I am brewing up some beers for a friend's party in a couple of weeks, and would like to give away some six packs as gifts, with snazzy labels etc. 

Does anyone know where I get some unbranded cardboard six pack carriers?, kind of like this:

Either mail order, or in Melbourne.







Thanks!


----------



## Cube (18/9/12)

Tried champagne bottles with heat shrinked cover/tops covering the cork/cage? Look great as gifts.

I've never seen those non branded holders before except maybe online with a minimum 500 order or something silly like that.


----------



## Rowy (18/9/12)

I think Craftbrewer was selling some. Not sure if they still do.


----------



## tomdavis (18/9/12)

Yeah thanks guys, it's a weird one as they are all over the place to buy in the US, but not here. 

I would love to do the champagne bottle thing, but I have already bottled them, and have been conditioning them for about 3 weeks.

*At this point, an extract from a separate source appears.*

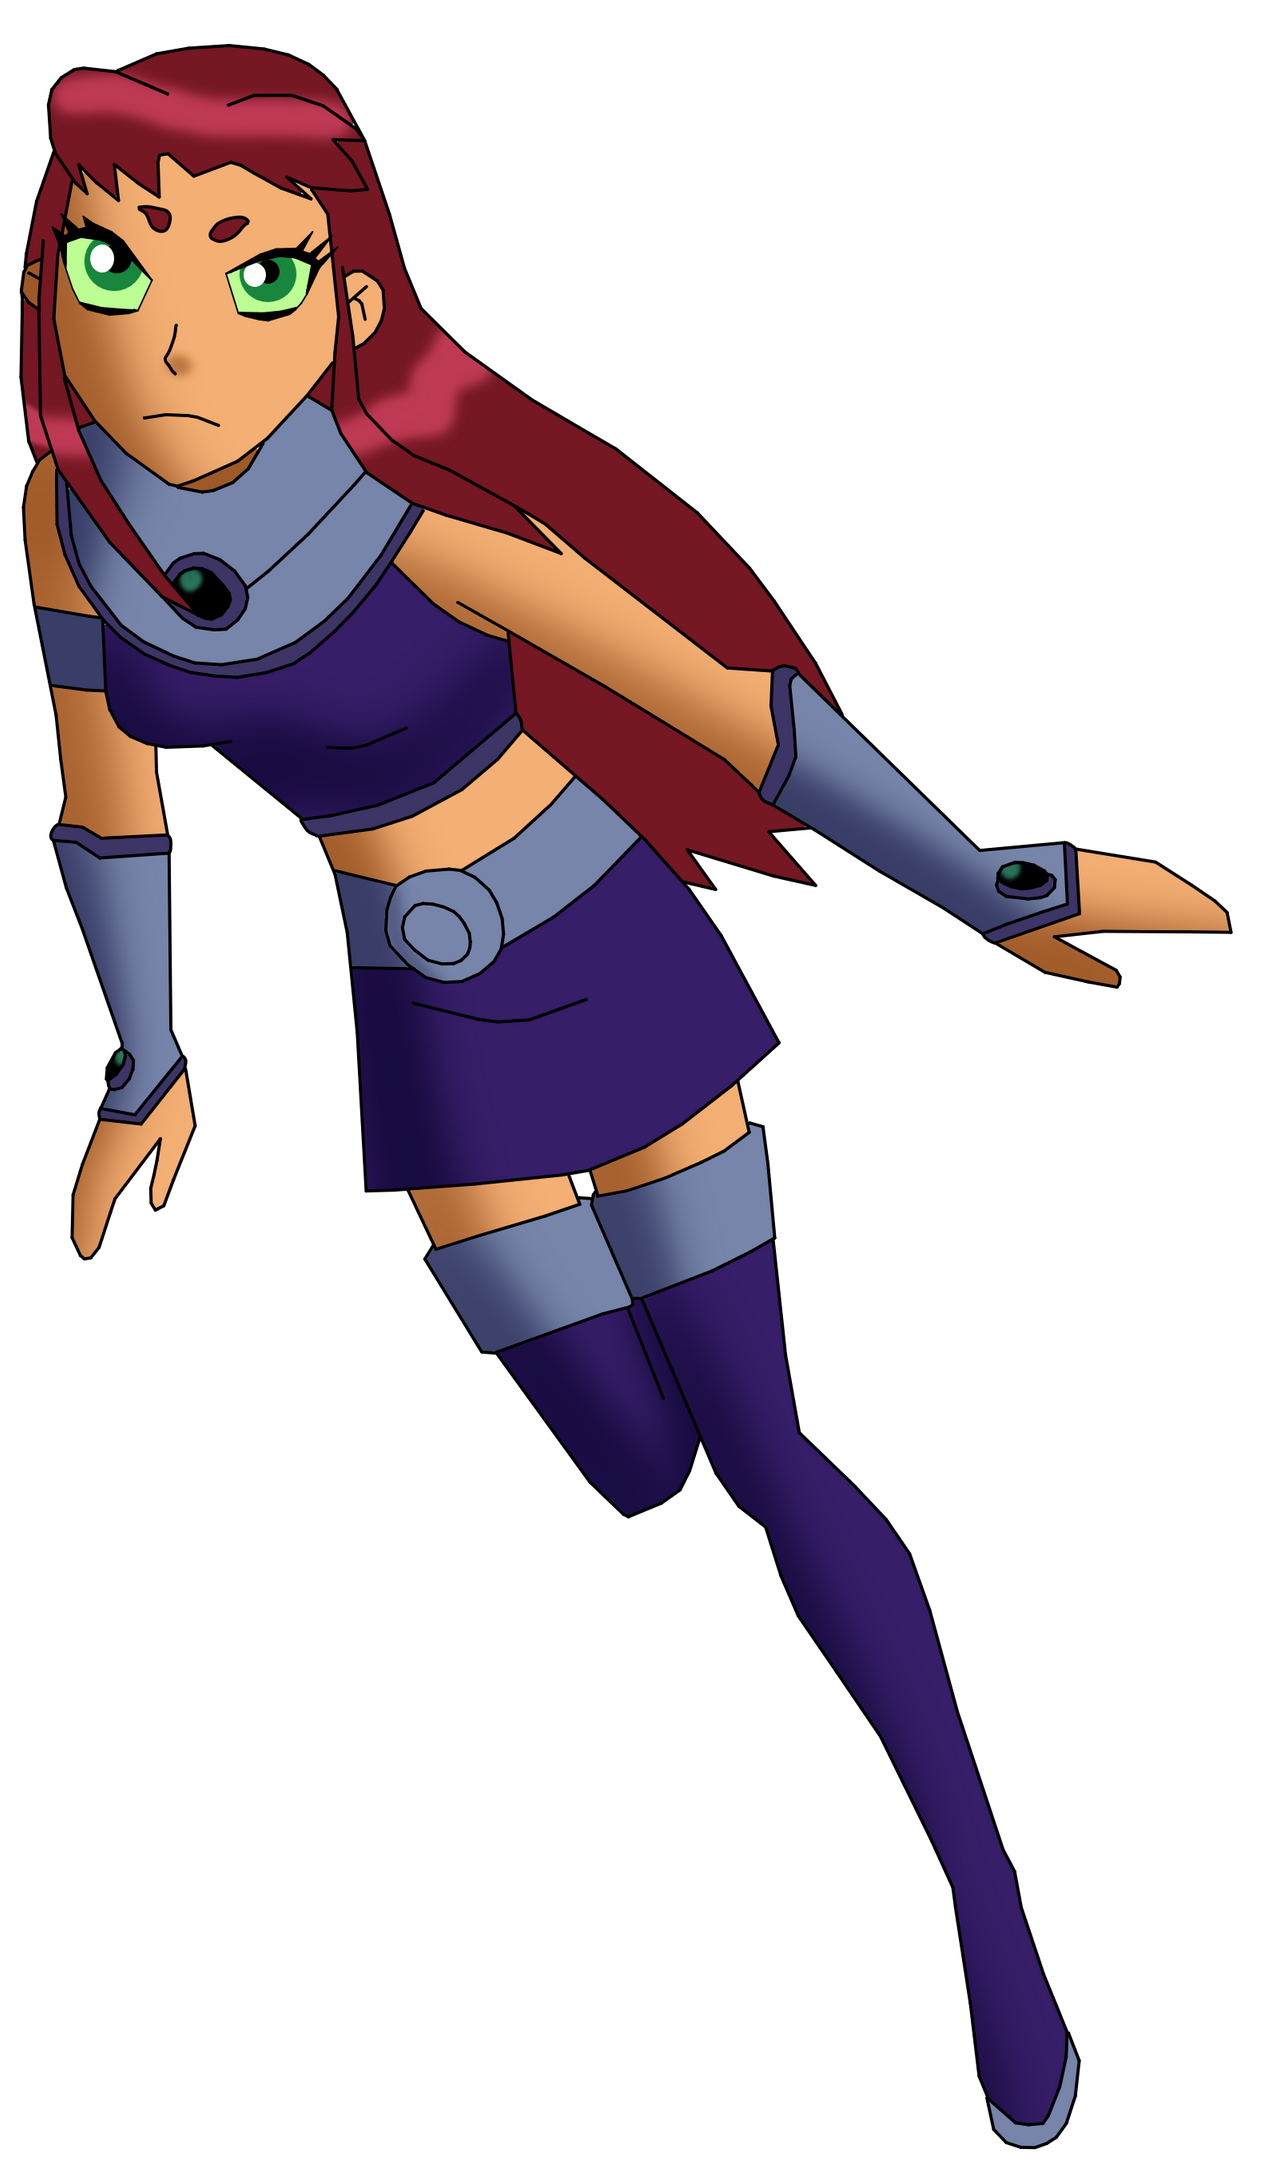 Starfire Flying Suspiciously By Captainedwardteague On Deviantart

Might do that next time though. 

Had a look around Ross' shop, but couldn't see anything. 

I see a gap in the market though!


----------



## Fents (18/9/12)

Give kebet cardboard in west Heidelberg a call I know they sell them but not sure on a minimum qty you have to order


----------



## dropbear85 (20/9/12)

Might not be too helpful because of where you live but I know the Beer factory in Seven Hills NSW sells them for $2 a pop link .

If you give them a call they might be able to post you some

Good luck


----------



## tomdavis (20/9/12)

That's great, thanks mate, I will give 'em a try. 

I tried Kebet, as suggested above, but they will only sell in minimum of 50 at a time. Not sure if I want to give away THAT much of my beer!!

Cheers chaps. 



dropbear85 said:


> Might not be too helpful because of where you live but I know the Beer factory in Seven Hills NSW sells them for $2 a pop link .
> 
> If you give them a call they might be able to post you some
> 
> Good luck


----------



## achy02 (20/9/12)

I think IKEA has these sitting around in their glass section. Not that I'm condoning theft but from memory they don't have a price tag.  Aches


----------



## tomdavis (21/9/12)

That's a good idea achy, I will have a look the next time I am in there... go to have something to look for while the missus is spending money... 

I will give a big shout out to The Beer Factory, as per dropbear's recommendation. I gave them a call and they happily agreed to send me a few through the post, at $2 each. 

Cheers all, consider this thread answered!


----------



## sean_0 (21/9/12)

Blackhearts and Sparrows (in Brunswick anyway) have them behind the counter to make up mixed six packs. Maybe contact them to ask where they come from?

Sean


----------